Exercise objective: Would you write out the listing verbatim and skip every picture in it?

Given entries:
▽
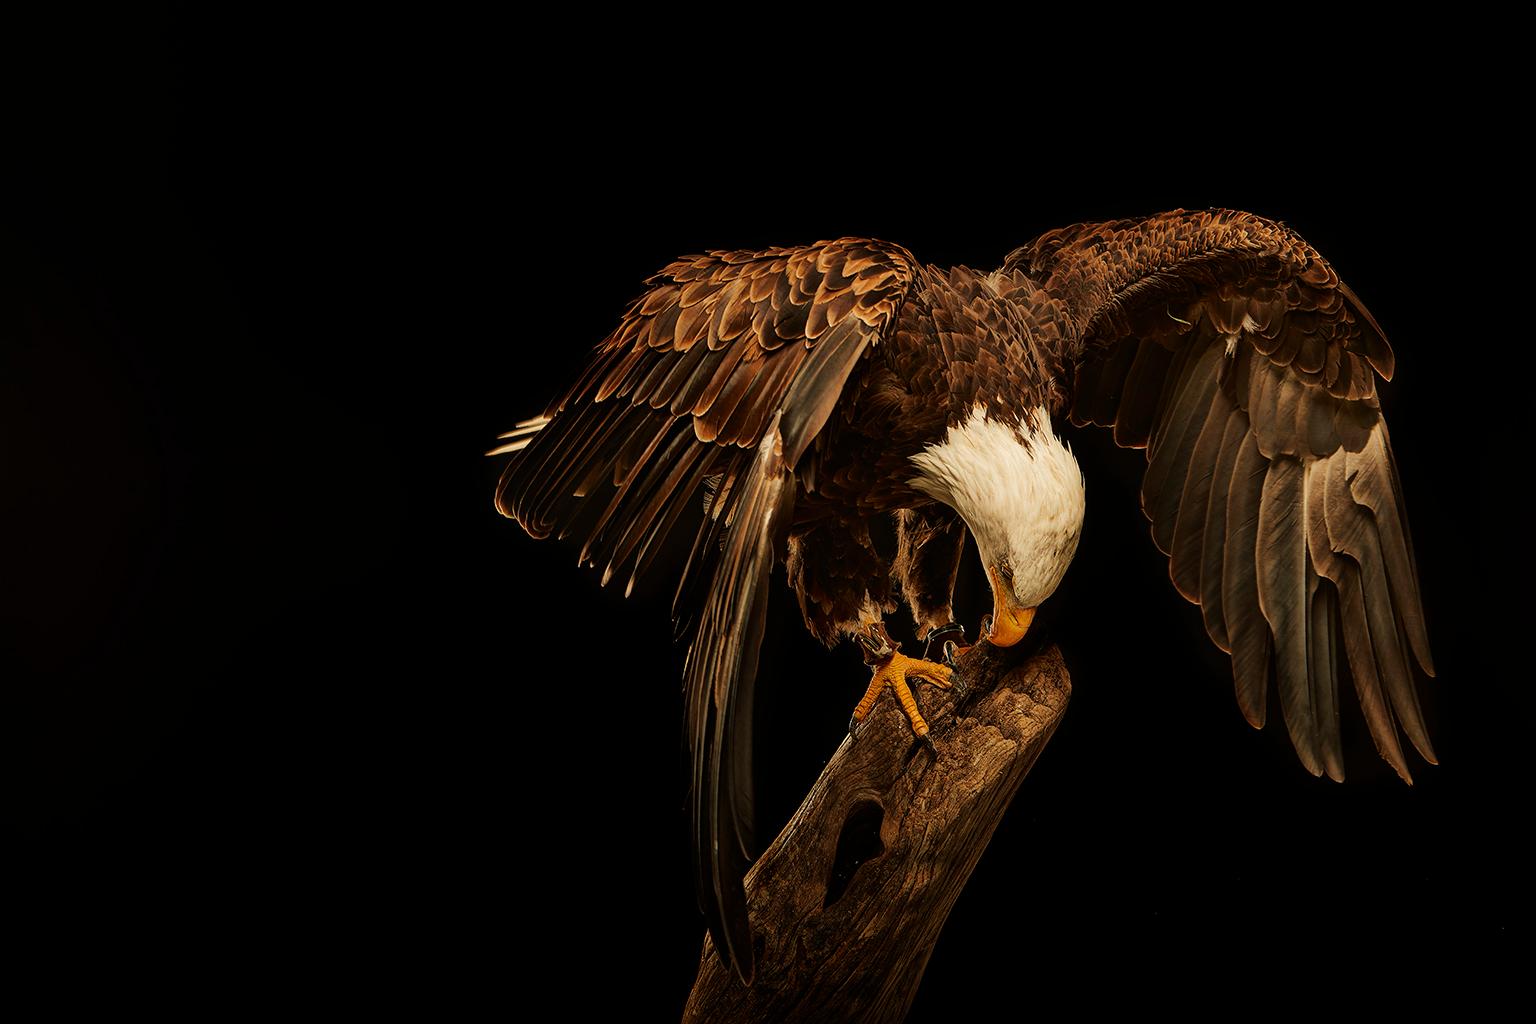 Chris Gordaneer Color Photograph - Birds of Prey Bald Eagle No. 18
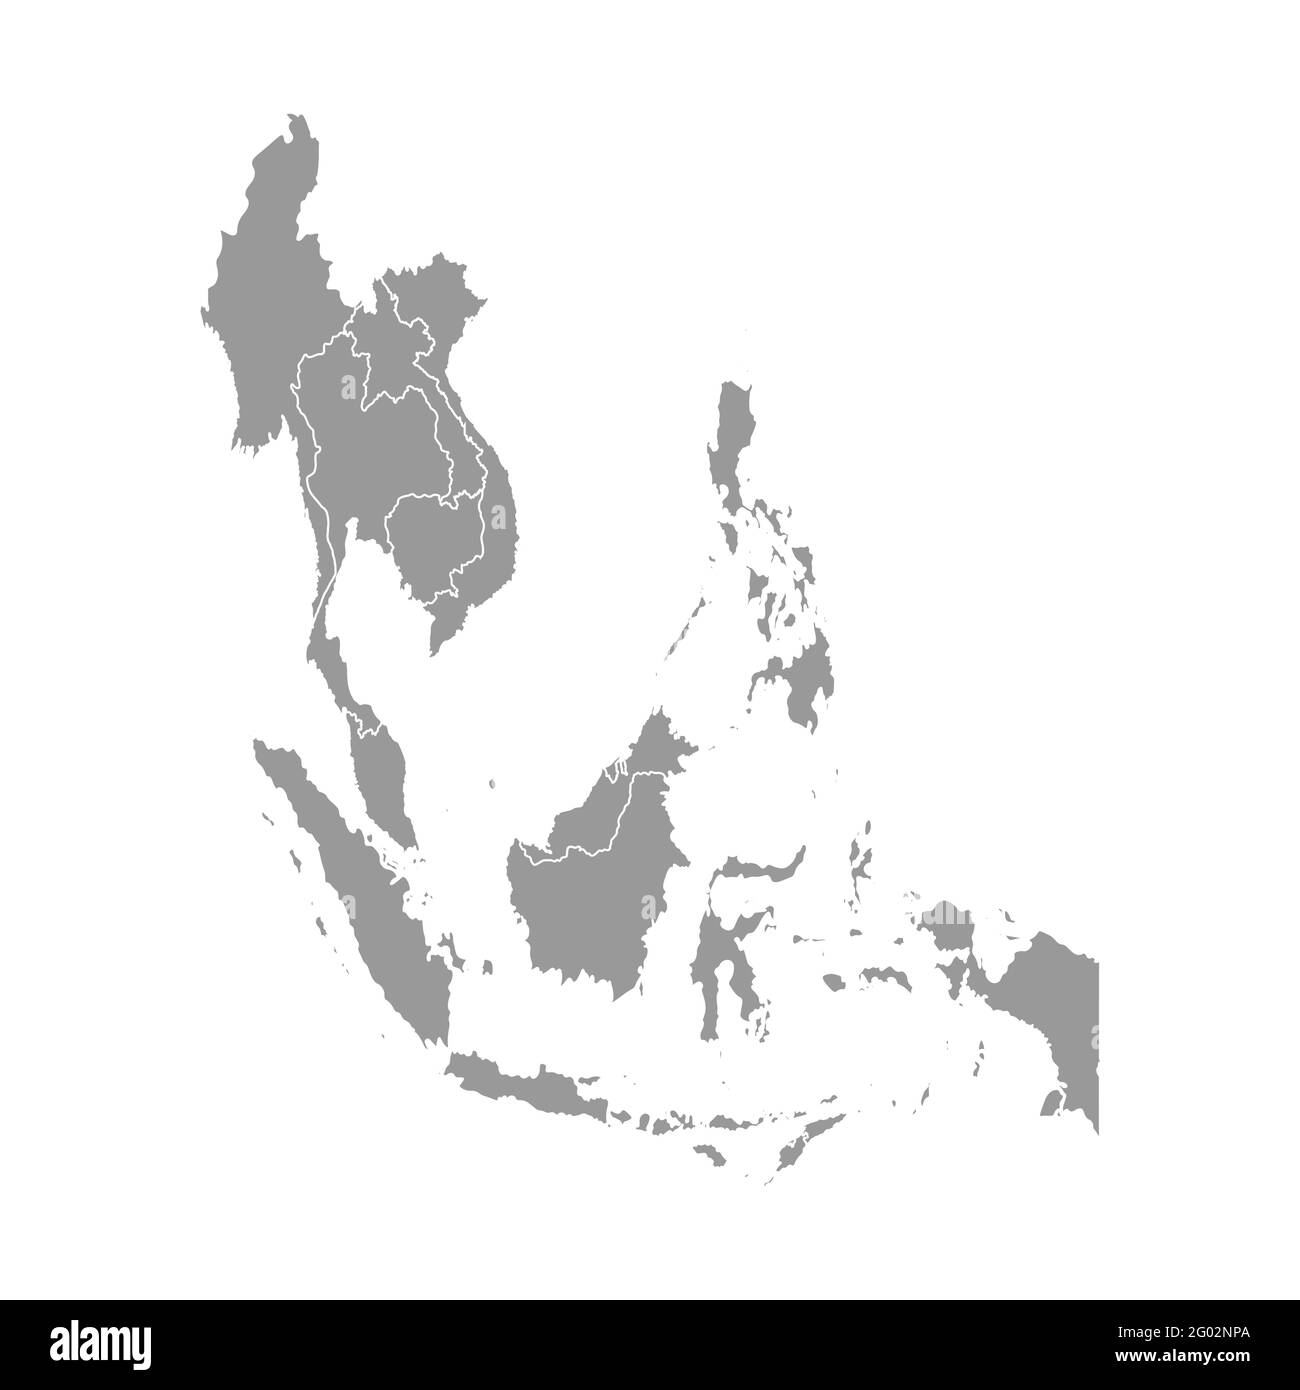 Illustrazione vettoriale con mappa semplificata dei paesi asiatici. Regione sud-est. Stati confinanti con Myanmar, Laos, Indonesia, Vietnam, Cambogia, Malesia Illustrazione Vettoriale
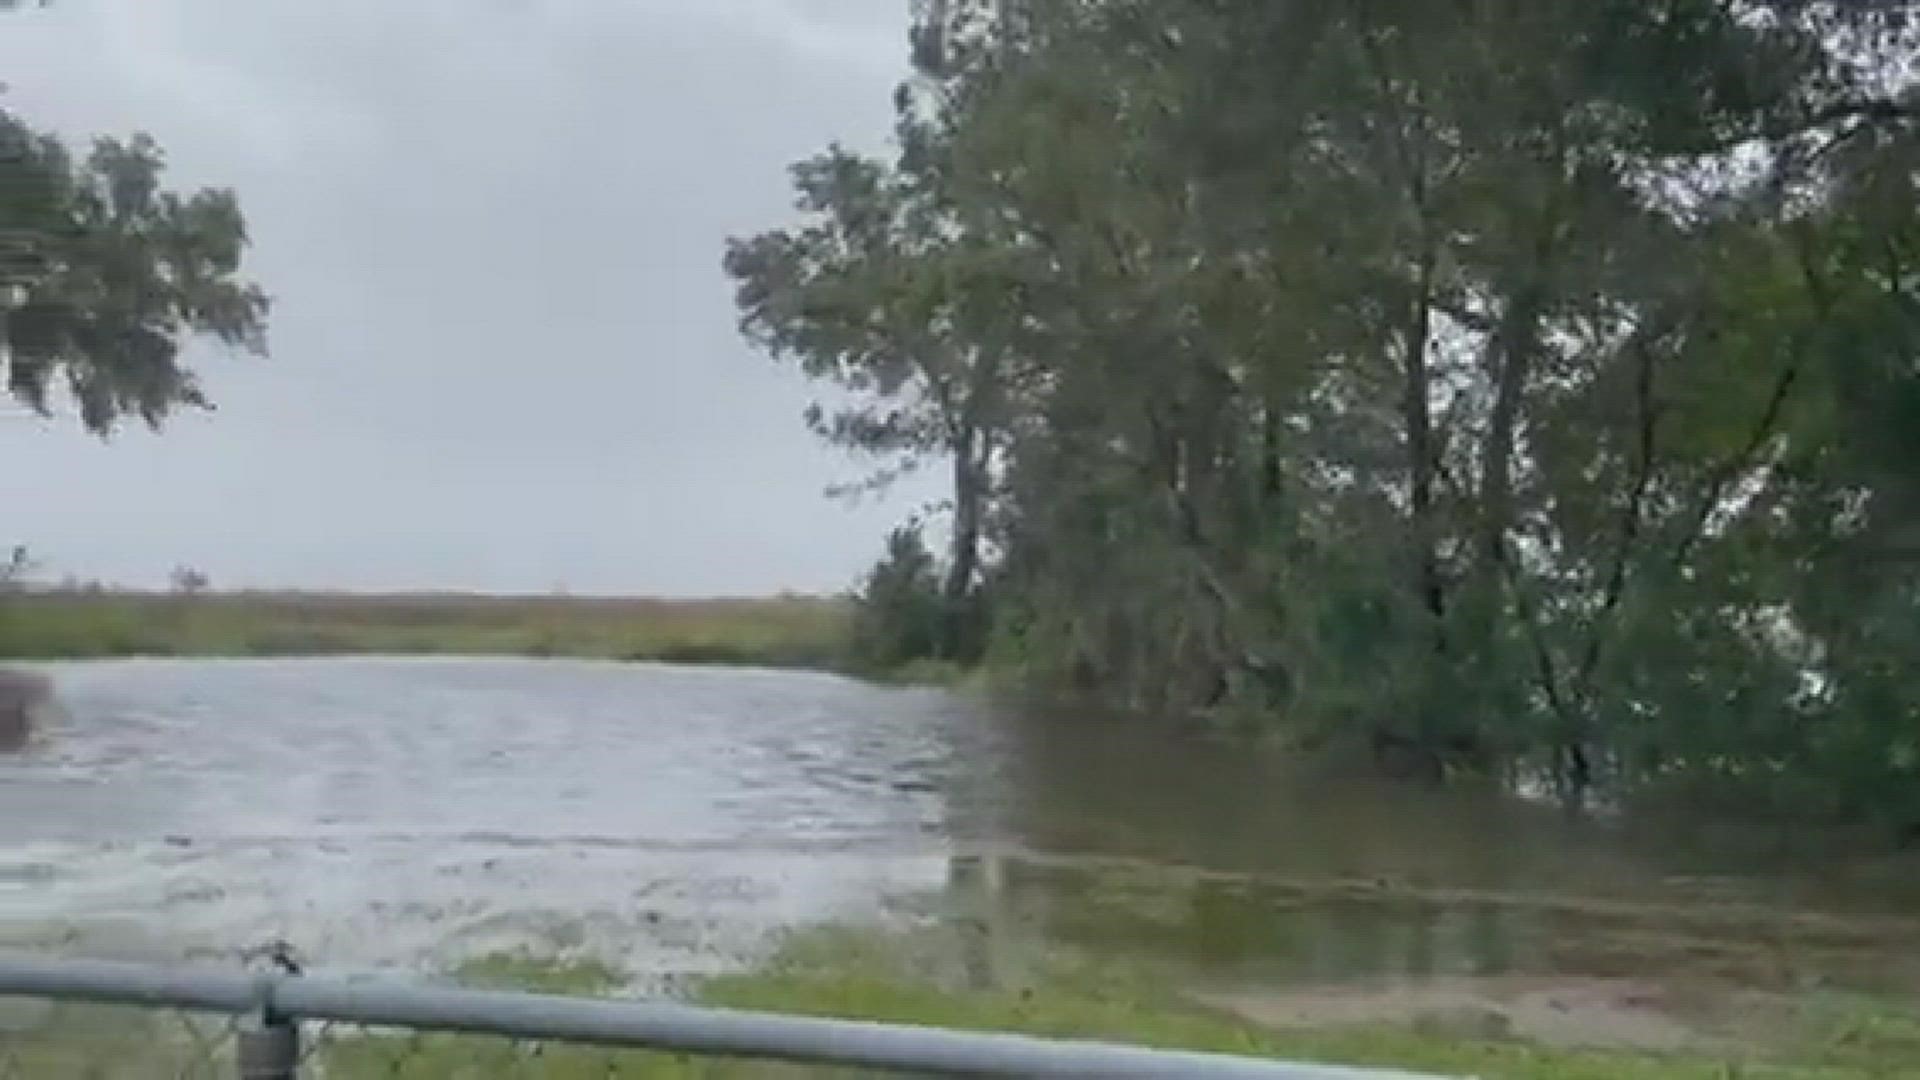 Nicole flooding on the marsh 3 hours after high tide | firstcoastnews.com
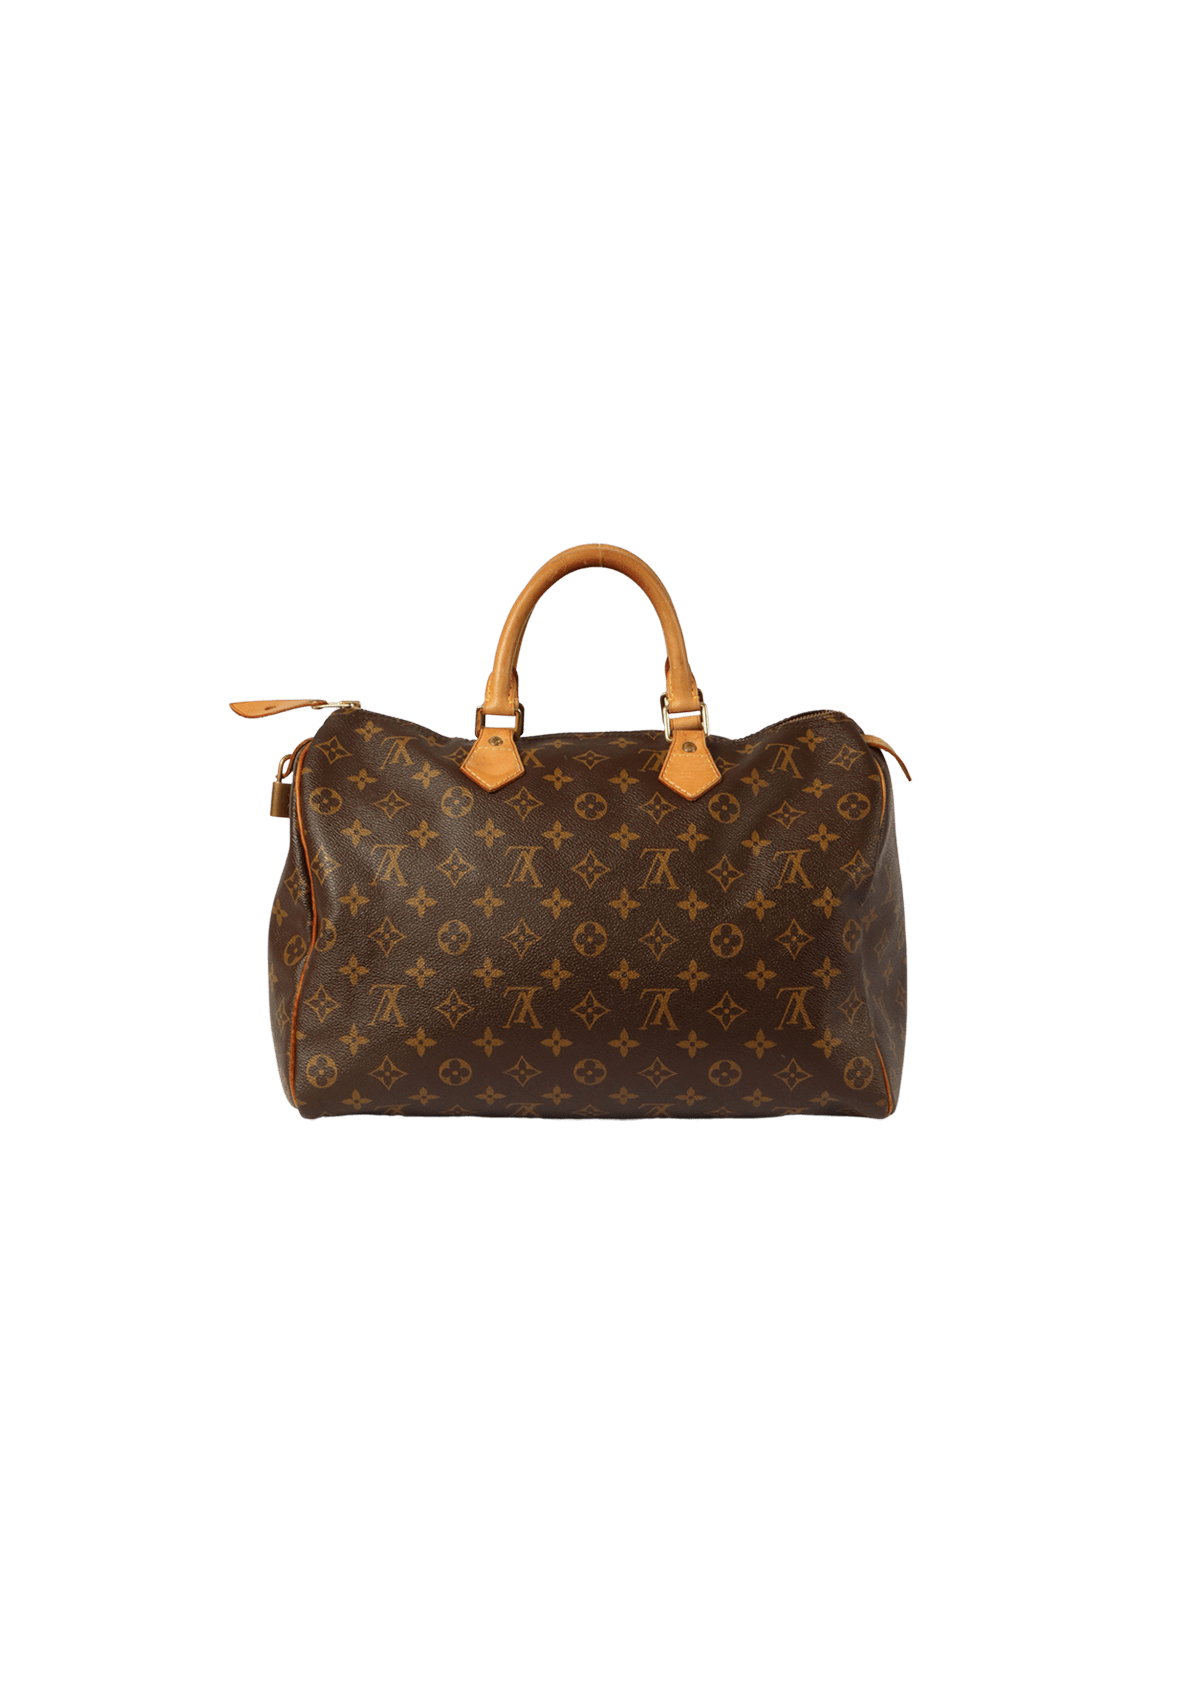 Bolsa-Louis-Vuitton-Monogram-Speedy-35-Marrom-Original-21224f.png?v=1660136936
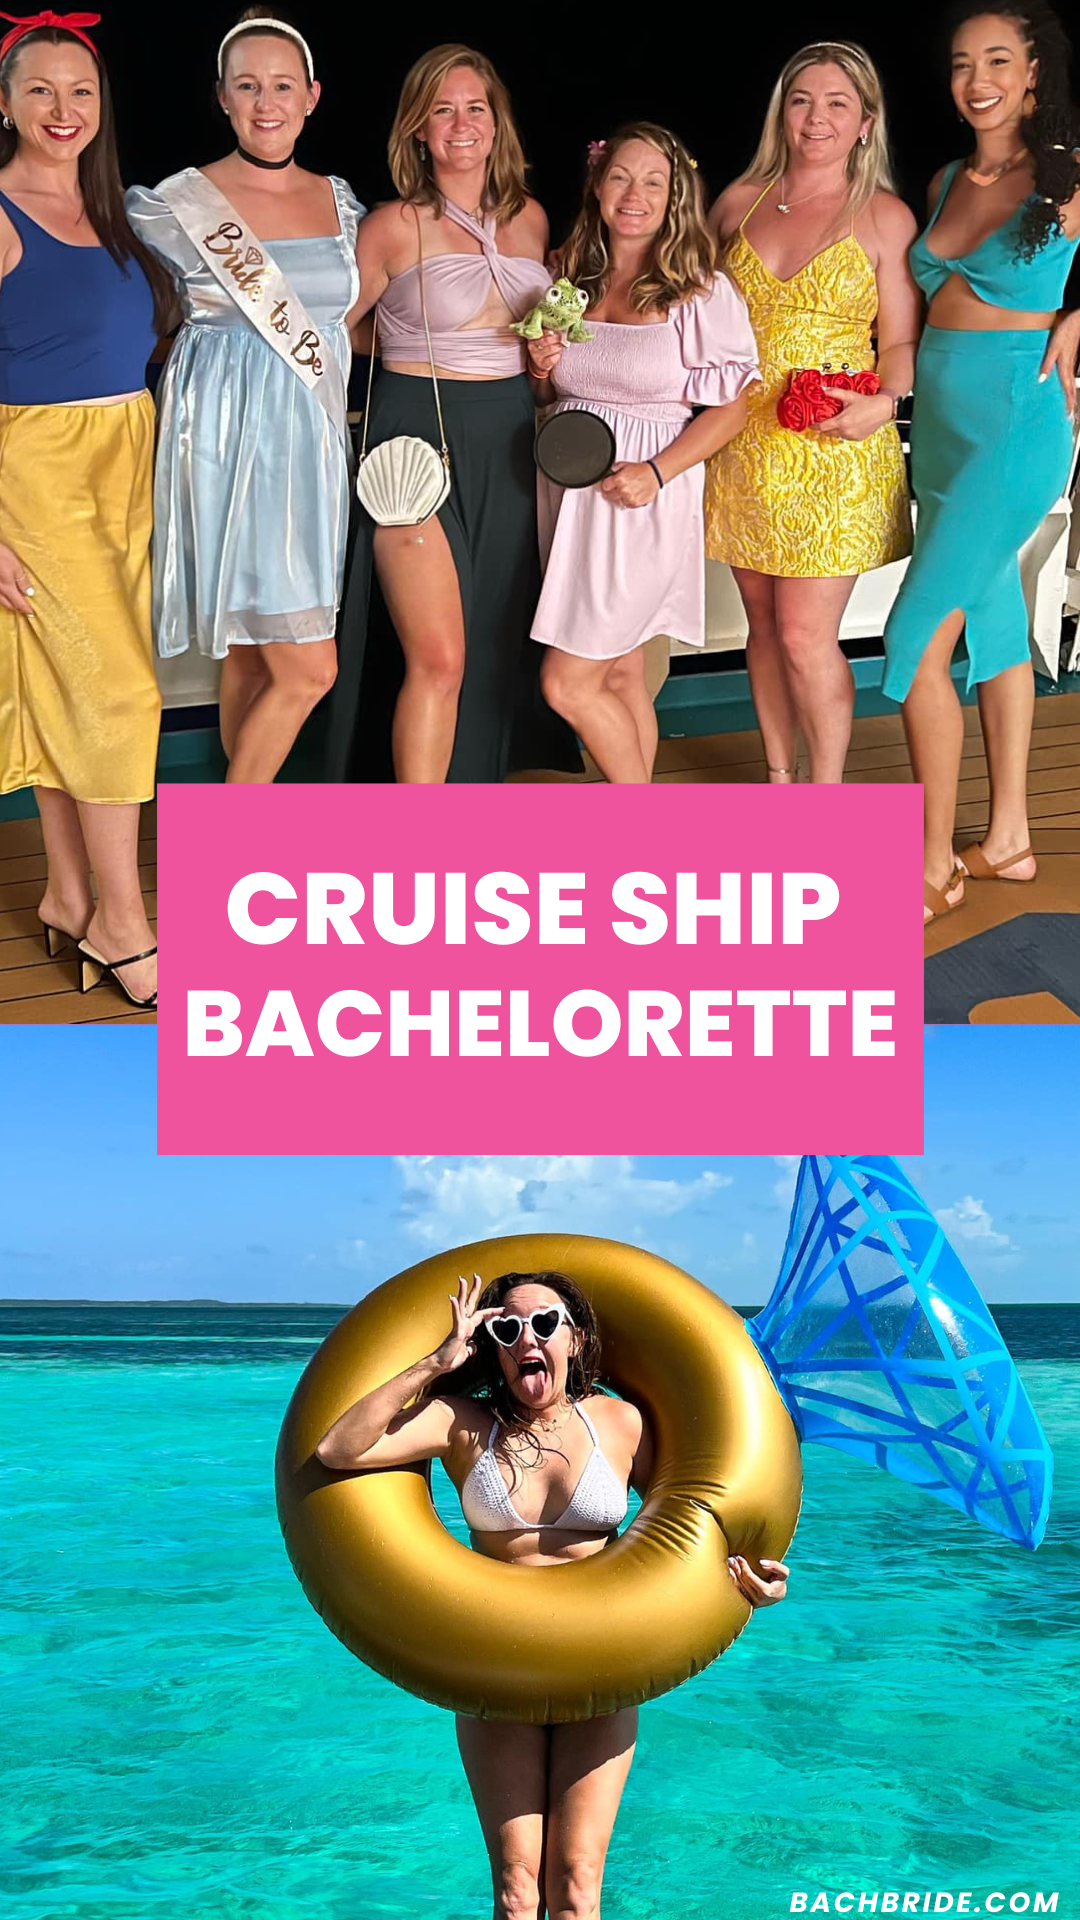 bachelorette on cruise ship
△
Task result:
 Chris Gordaneer Color Photograph - Birds of Prey Bald Eagle No. 18
 Illustrazione vettoriale con mappa semplificata dei paesi asiatici. Regione sud-est. Stati confinanti con Myanmar, Laos, Indonesia, Vietnam, Cambogia, Malesia Illustrazione Vettoriale
 Nicole flooding on the marsh 3 hours after high tide | firstcoastnews.com
 Bolsa-Louis-Vuitton-Monogram-Speedy-35-Marrom-Original-21224f.png?v=1660136936
 bachelorette on cruise ship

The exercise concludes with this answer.